- **PROMPT**
Would you restate the listing word for word, with the images omitted?

- **DATASET SECTION**
——————————

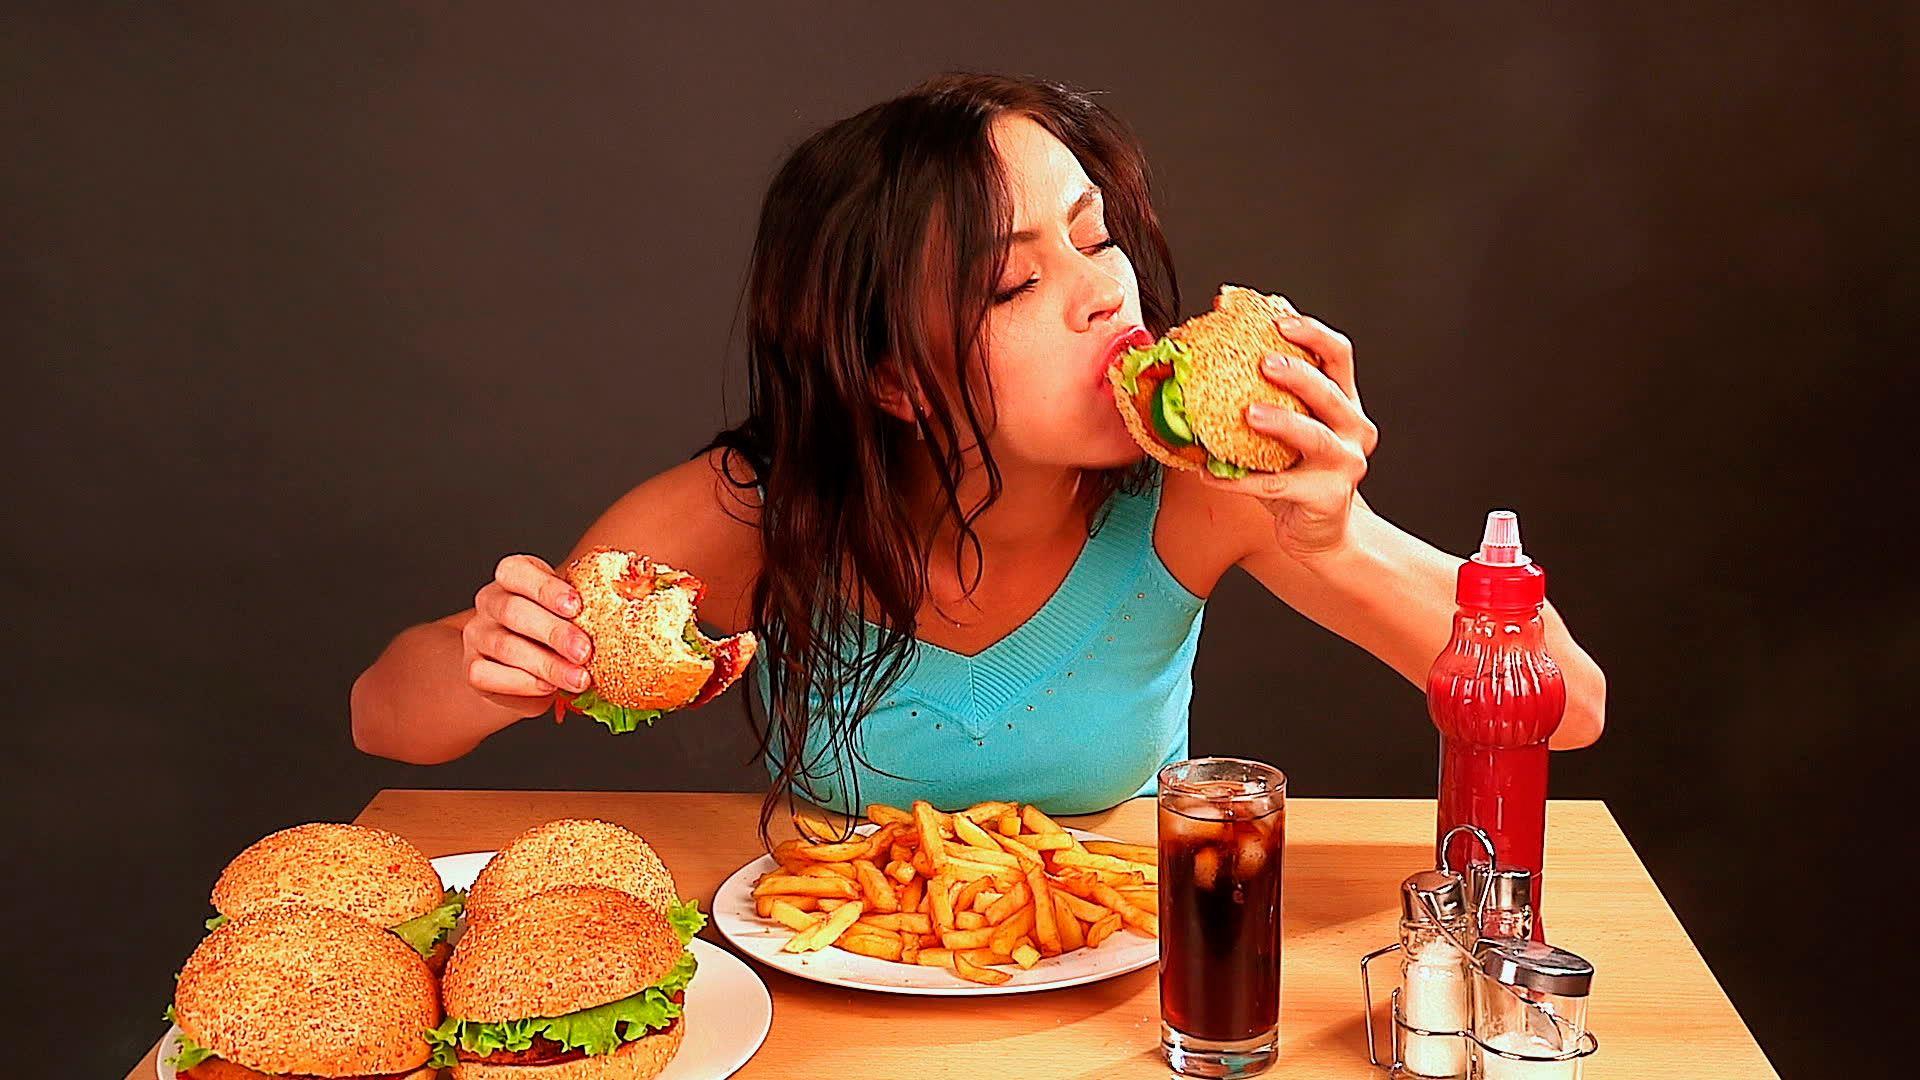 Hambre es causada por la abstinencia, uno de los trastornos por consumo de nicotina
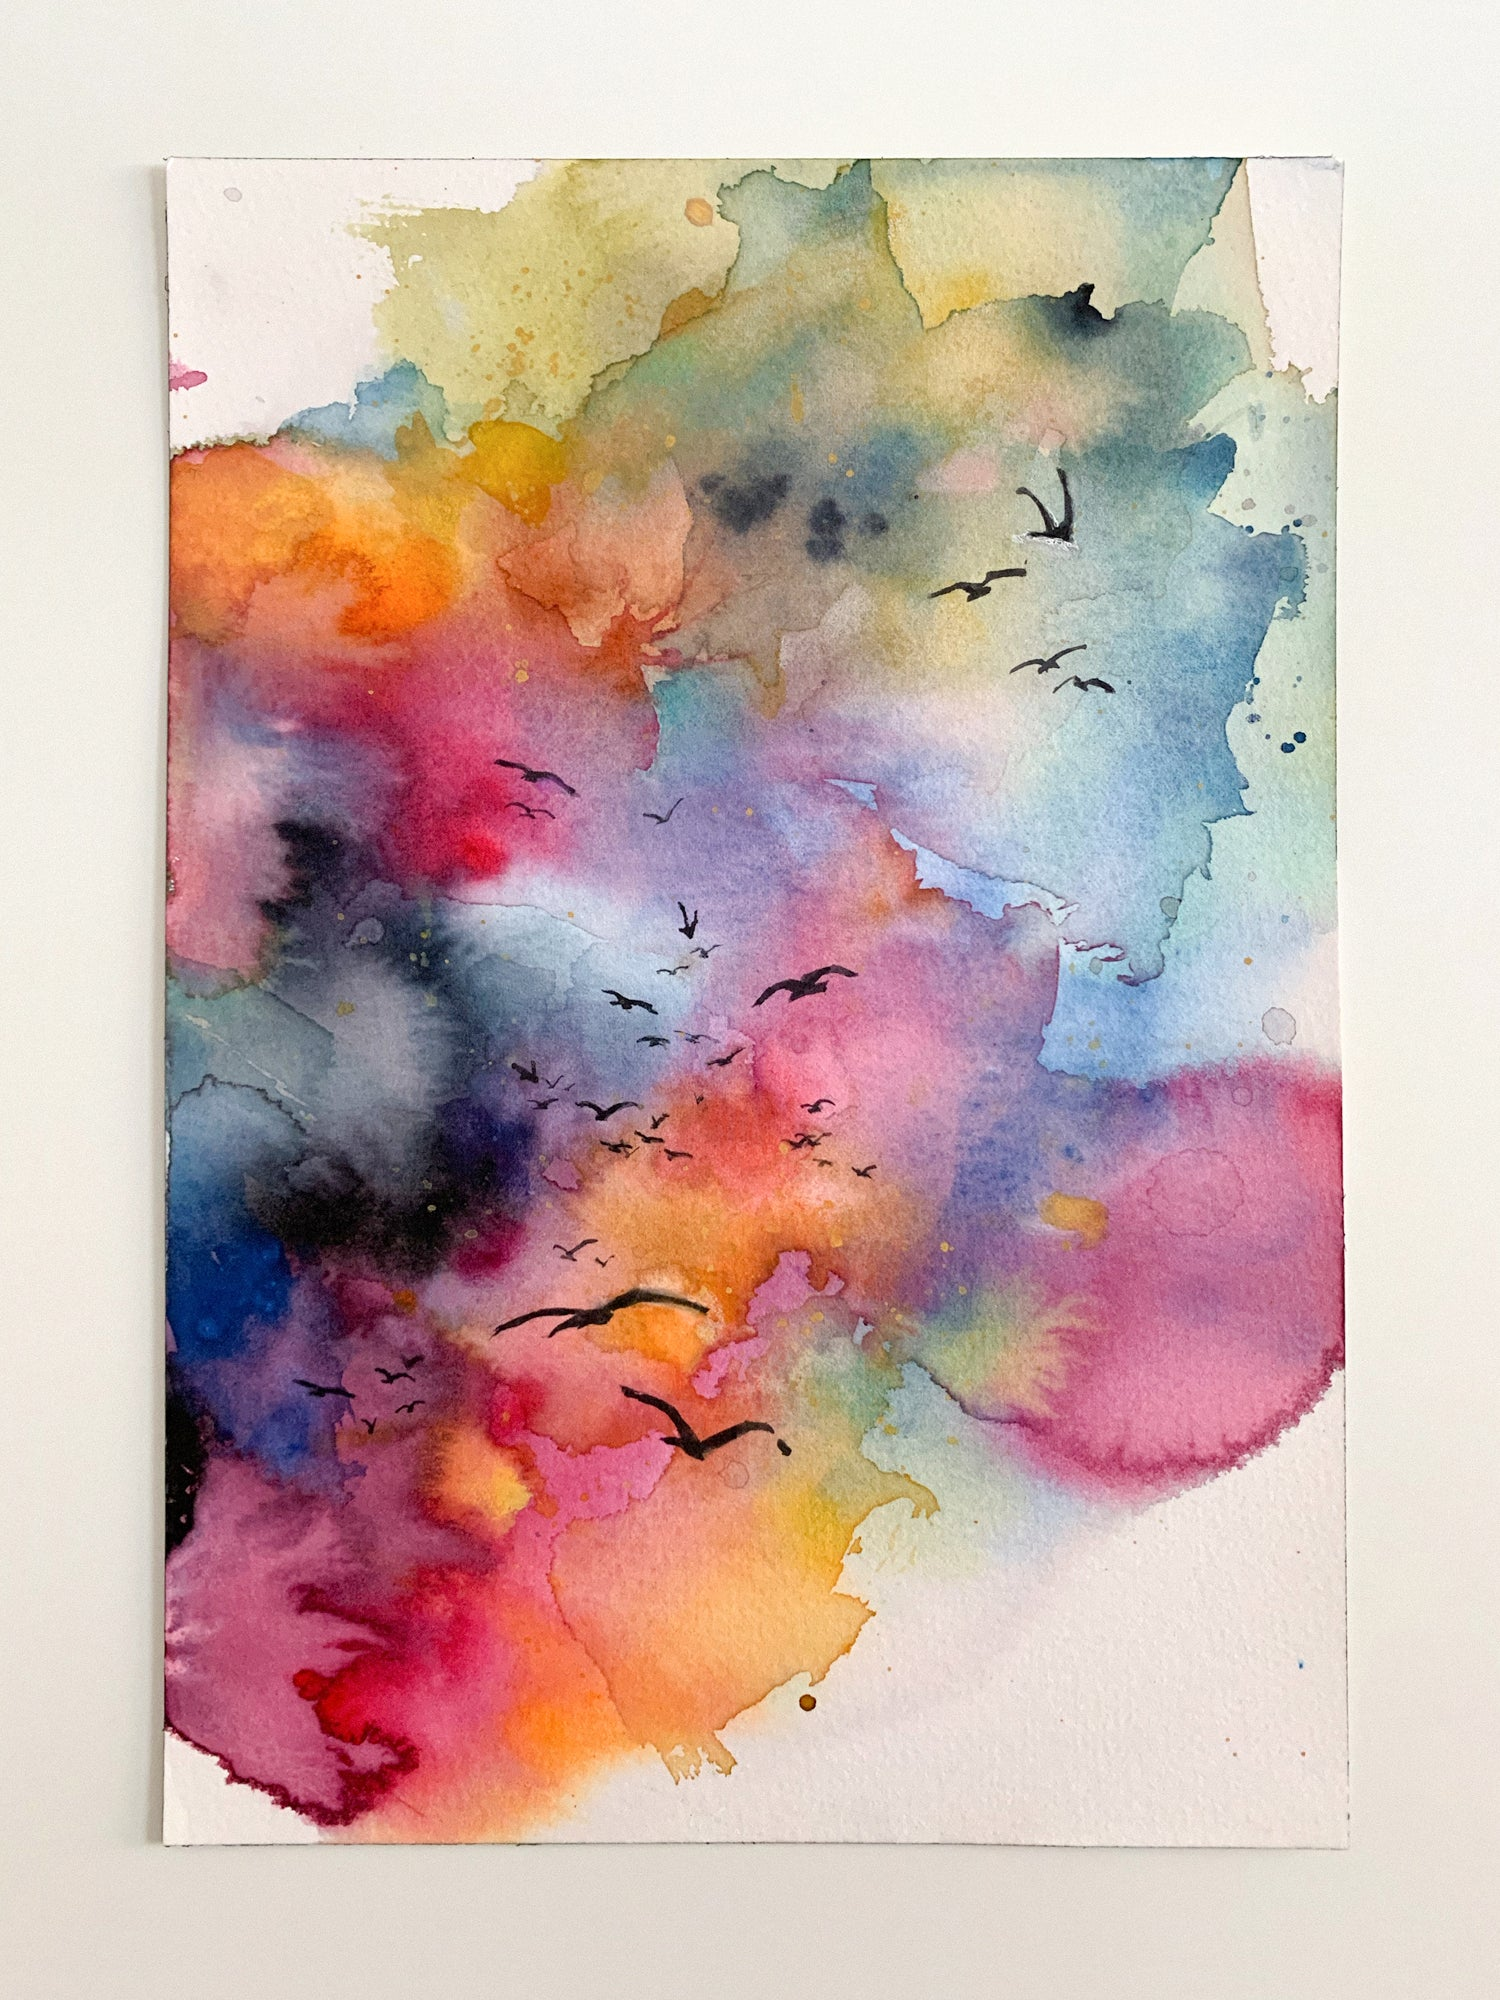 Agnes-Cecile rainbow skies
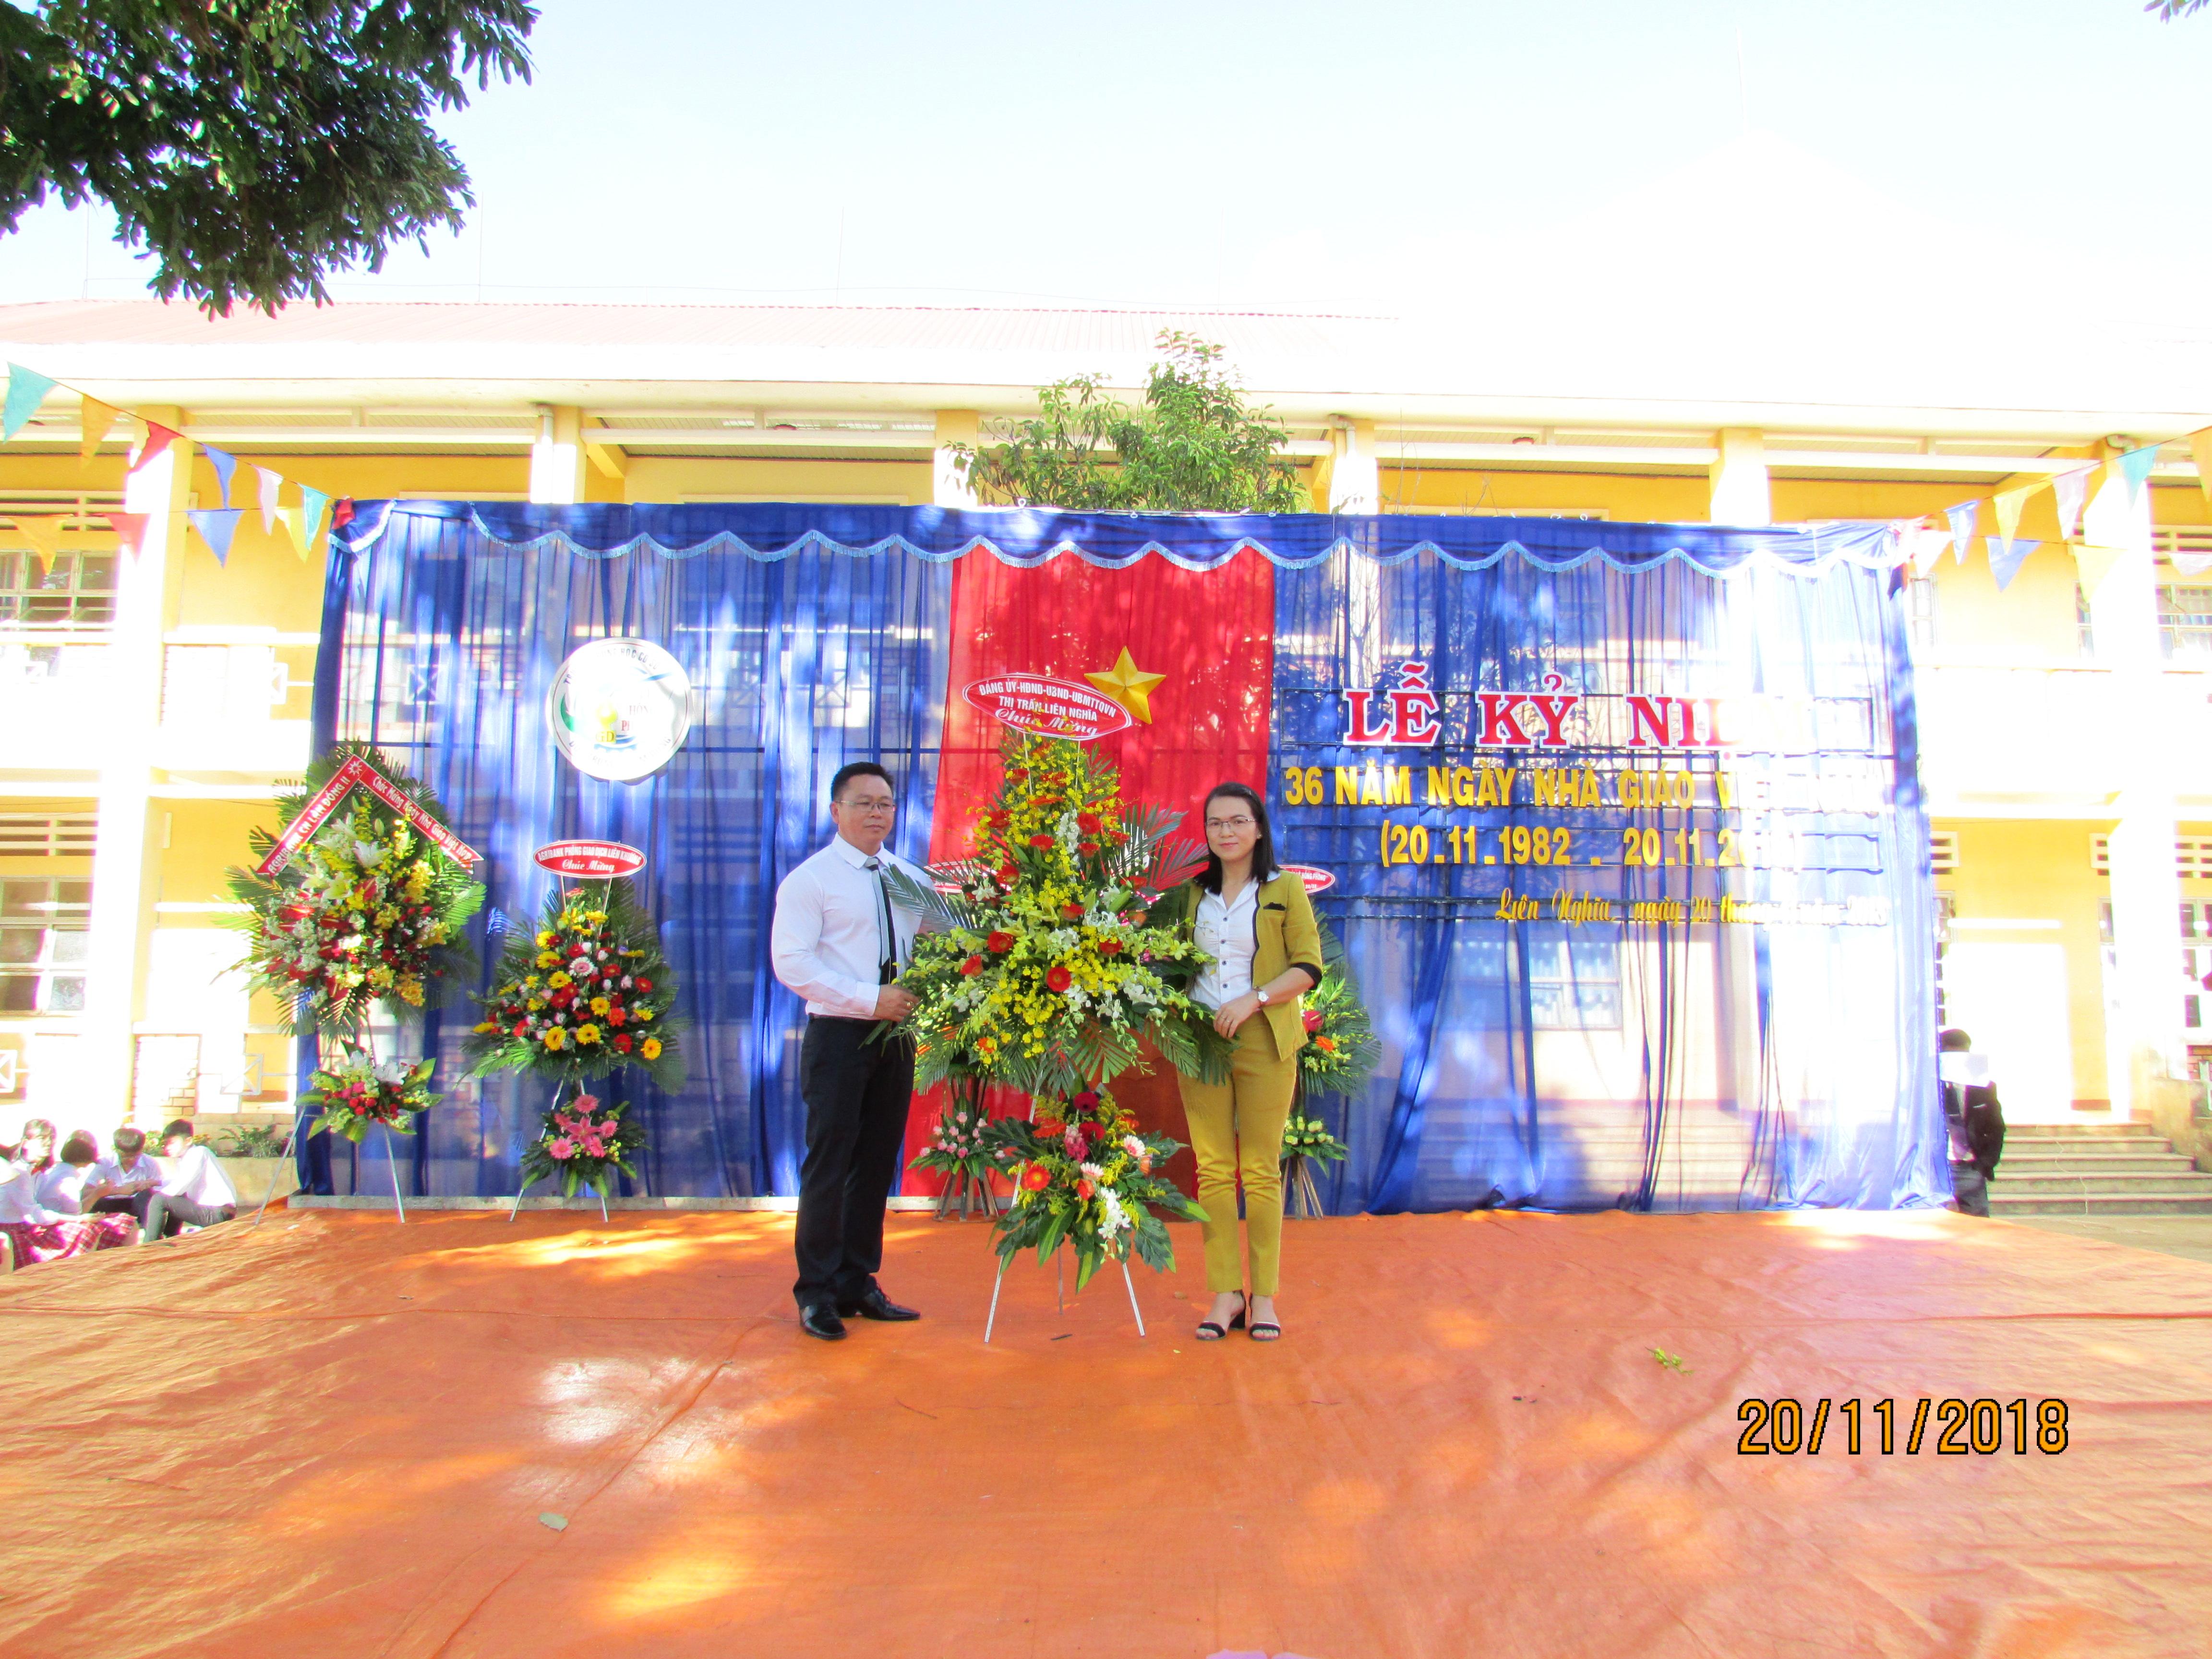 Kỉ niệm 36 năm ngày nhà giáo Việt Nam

——————————

- **SOLUTION FOR THIS EXERCISE**
 Hambre es causada por la abstinencia, uno de los trastornos por consumo de nicotina
 Agnes-Cecile rainbow skies
 Kỉ niệm 36 năm ngày nhà giáo Việt Nam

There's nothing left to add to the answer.